Гостиницы в городе нет. В общественном собрании мне позволили отдохнуть после обеда в зале с низким потолком – тут зимою, говорят, даются балы; на вопрос же мой, где я могу переночевать, только пожали плечами. Делать нечего, пришлось две ночи провести на пароходе; когда же он ушел назад в Хабаровку, я очутился как рак на мели: ка́мо пойду? Багаж мой на пристани; я хожу по берегу и не знаю, что с собой делать. Как раз против города, в двух-трех верстах от берега, стоит пароход «Байкал», на котором я пойду в Татарский пролив, но говорят, что он отойдет дня через четыре или пять, не раньше, хотя на его мачте уже развевается отходный флаг. Разве взять и поехать на «Байкал»?[49] Но неловко: пожалуй, не пустят, – скажут, рано. Подул ветер, Амур нахмурился и заволновался, как море. Становится тоскливо. Иду в собрание, долго обедаю там и слушаю, как за соседним столом говорят о золоте, о понтах, о фокуснике, приезжавшем в Николаевск,[50] о каком-то японце, дергающем зубы не щипцами, а просто пальцами. Если внимательно и долго прислушиваться, то, боже мой, как далека здешняя жизнь от России! Начиная с балыка из кеты, которым закусывают здесь водку, и кончая разговорами, во всем чувствуется что-то свое собственное, не русское. Пока я плыл по Амуру, у меня было такое чувство, как будто я не в России, а где-то в Патагонии или Техасе; не говоря уже об оригинальной, не русской природе, мне всё время казалось, что склад нашей русской жизни совершенно чужд коренным амурцам, что Пушкин и Гоголь тут непонятны и потому не нужны, наша история скучна и мы, приезжие из России, кажемся иностранцами. В отношении религиозном и политическом я замечал здесь полнейшее равнодушие.
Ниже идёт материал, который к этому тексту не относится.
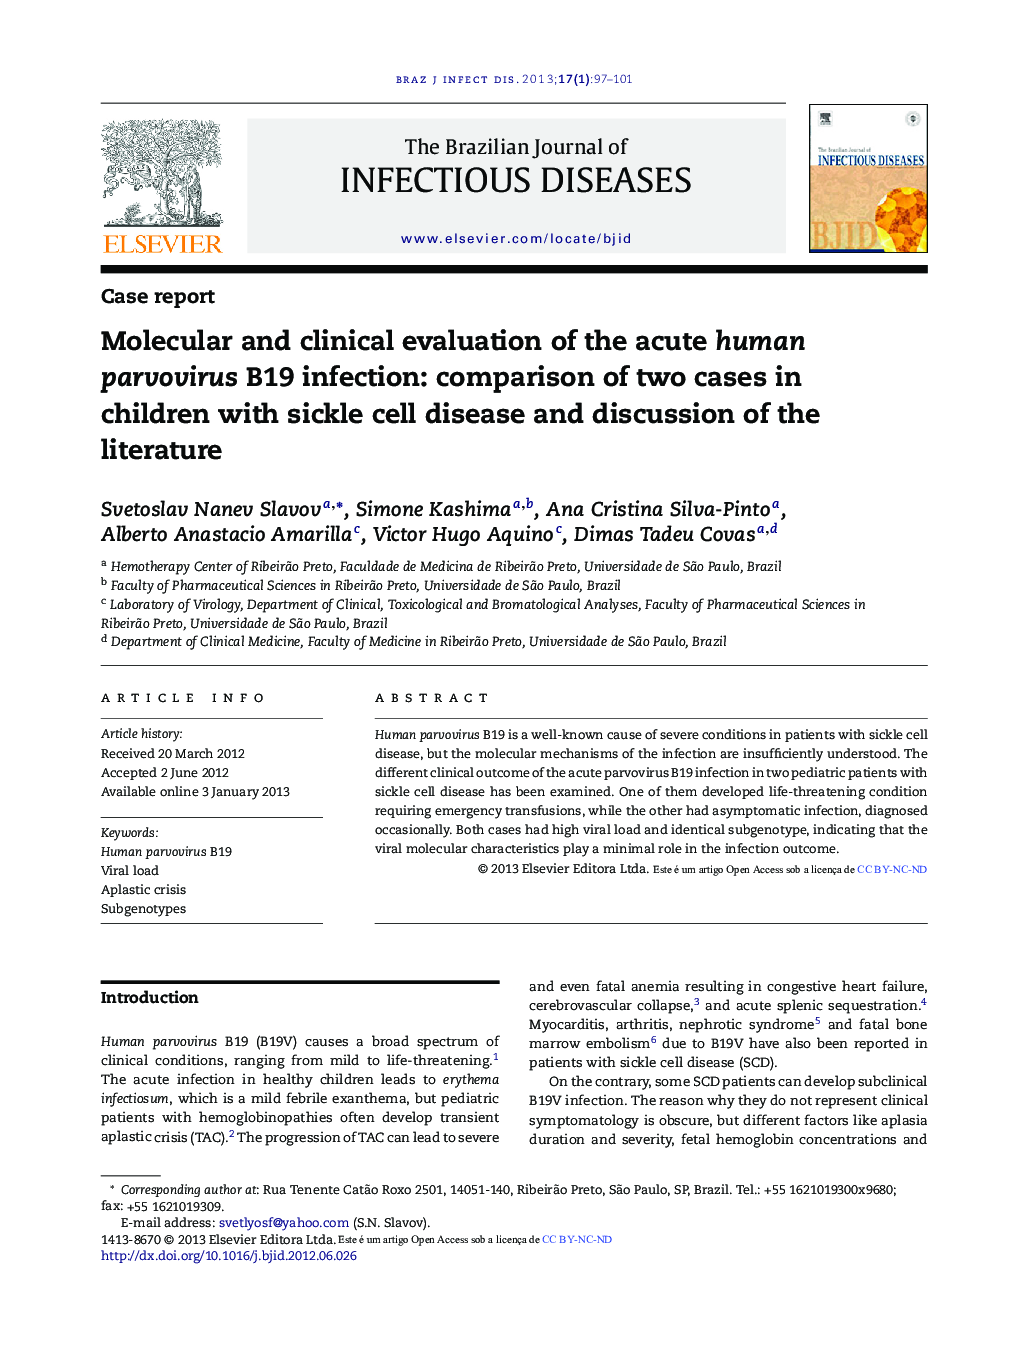 Molecular and clinical evaluation of the acute human parvovirus B19 infection: comparison of two cases in children with sickle cell disease and discussion of the literature
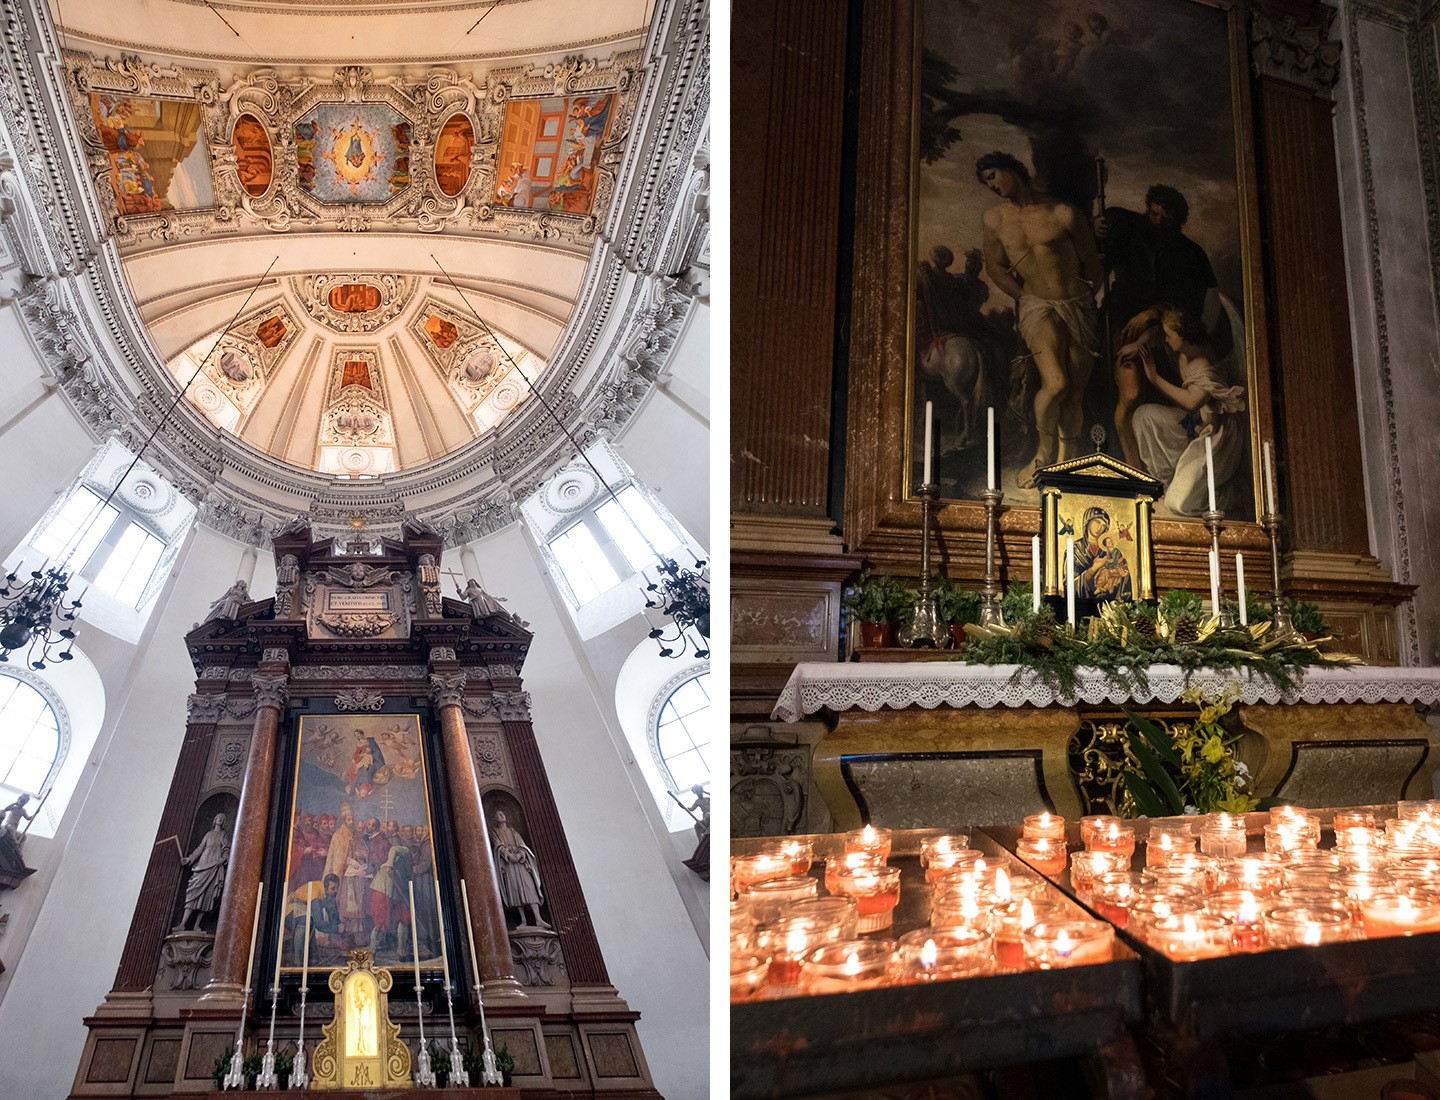 Salzburg cathedral – one of the top things to do in Salzburg

Священники, которых я видел на Амуре, едят в пост скоромное, и, между прочим, про одного из них, в белом шёлковом кафтане, мне рассказывали, что он занимается золотым хищничеством, соперничая со своими духовными чадами. Если хотите заставить амурца скучать и зевать, то заговорите с ним о политике, о русском правительстве, о русском искусстве. И нравственность здесь какая-то особенная, не наша. Рыцарское обращение с женщиной возводится почти в культ и в то же время не считается предосудительным уступить за деньги приятелю свою жену; или вот еще лучше: с одной стороны, отсутствие сословных предрассудков – здесь и с ссыльным держат себя, как с ровней, а с другой – не грех подстрелить в лесу китайца-бродягу, как собаку, или даже поохотиться тайком на горбачиков.